Jury selection session – According to the amendments, the jury selection session should be open, though it may be closed in cases envisaged by Article 182 of the Code of Criminal Procedure. According to the said norm, a session may also be closed for the purpose of protection of personal data and professional or commercial secrets. The said norm is so broad that it makes it possible to close practically all jury selection sessions. Obviously, the need to protect the personal life of jury members should be reckoned with, though when both the prosecution and the defense – who are expected to be most interested in exerting pressure on members of the jury – take part in the jury selection session, excluding the public from the selection process is devoid of all legitimate goals. The possibility of leaving a large part of jury selection sessions outside the civil monitoring absolutely neglects the required standard of transparency of this most important procedural stage and, to a large extent, brings under doubt the public’s trust in jury members selected as a result of a closed session. Whereas the court has a number of levers to ensure the protection of the personal life of jury members, such as referring to them by numbers (instead of using names and surnames), interviewing them face-to-face on particularly sensitive topics, etc., the public format of the sessions should be given an unconditional priority.

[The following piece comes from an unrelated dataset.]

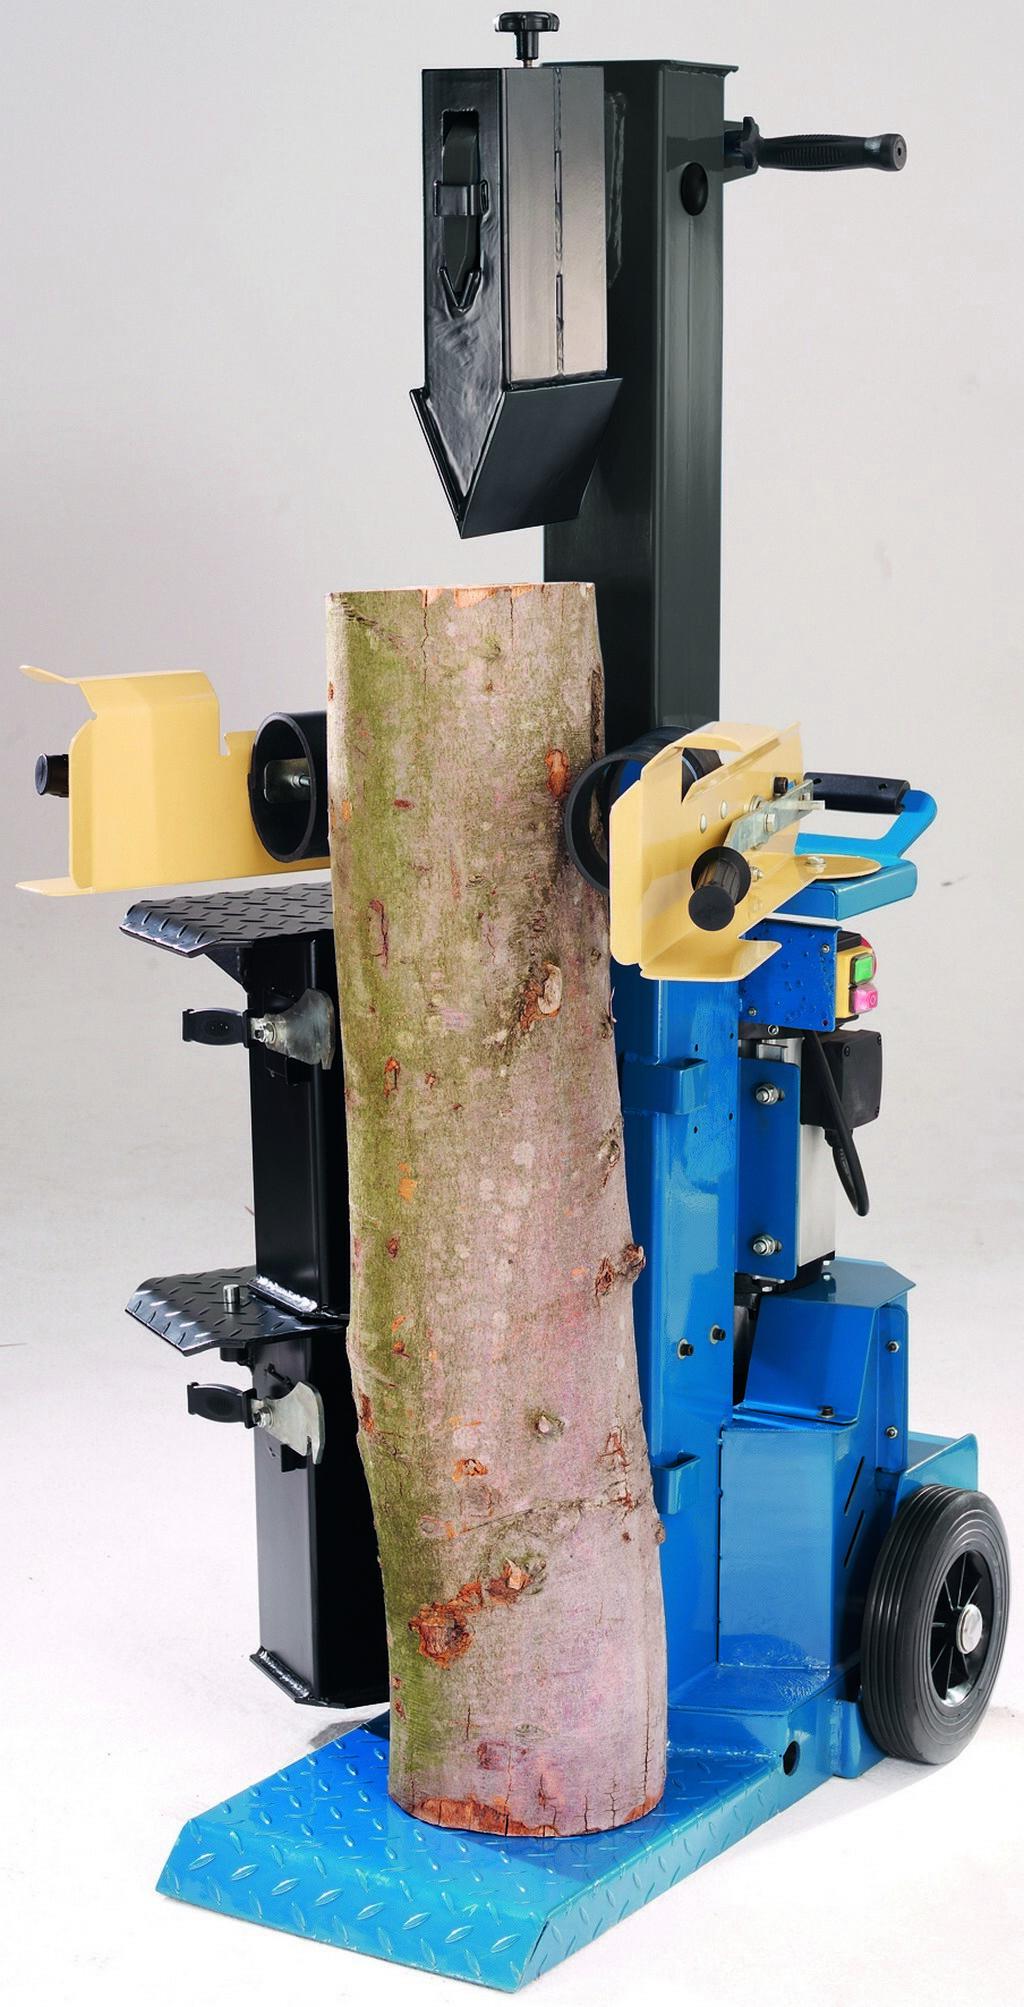 Ox 3-1000 - vertikální štípač dřeva 400 V

At the same time, apart from the initiated draft law, it is important to mention Paragraph 5 of Article 82 of the Constitution of Georgia which establishes that “The cases shall be considered by juries before the courts of general jurisdiction in accordance with a procedure and in cases prescribed by law.” We think that this broad provision allows for broad interpretation and leaves unlimited powers in the hands of the authorities to establish a legal framework for regulating juries in line with the existing political context and interests. Such an approach is unjustifiable and contains tangible risks in terms of orderly functioning of the institution. Based on the aforementioned, we believe it important that the State consider the necessity of forming the basic safeguards in the country’s supreme legislative act which will create a stable environment for the functioning of juries in the future.
We retain hope that the Parliament of Georgia will take into consideration the issues raised by the GYLA regarding both the concrete draft law and the adoption of laws by the accelerated procedure in general, and will take relevant steps to resolve the said problems.
[1] “Specific attention should be paid to the accelerated procedure whereby “urgent laws” are discussed and adopted: the Government and the Parliament may consider reviewing their Rules of Procedure to provide for clearer criteria for defining when draft laws are considered “urgent”, and to require a justification when the accelerated procedure is applied”;
[2] Paragraph 1, Article 226 of the Code of Criminal Procedure;
[3] A number of crimes that are punishable by more than ten years of imprisonment or life imprisonment remain outside the jurisdiction of juries.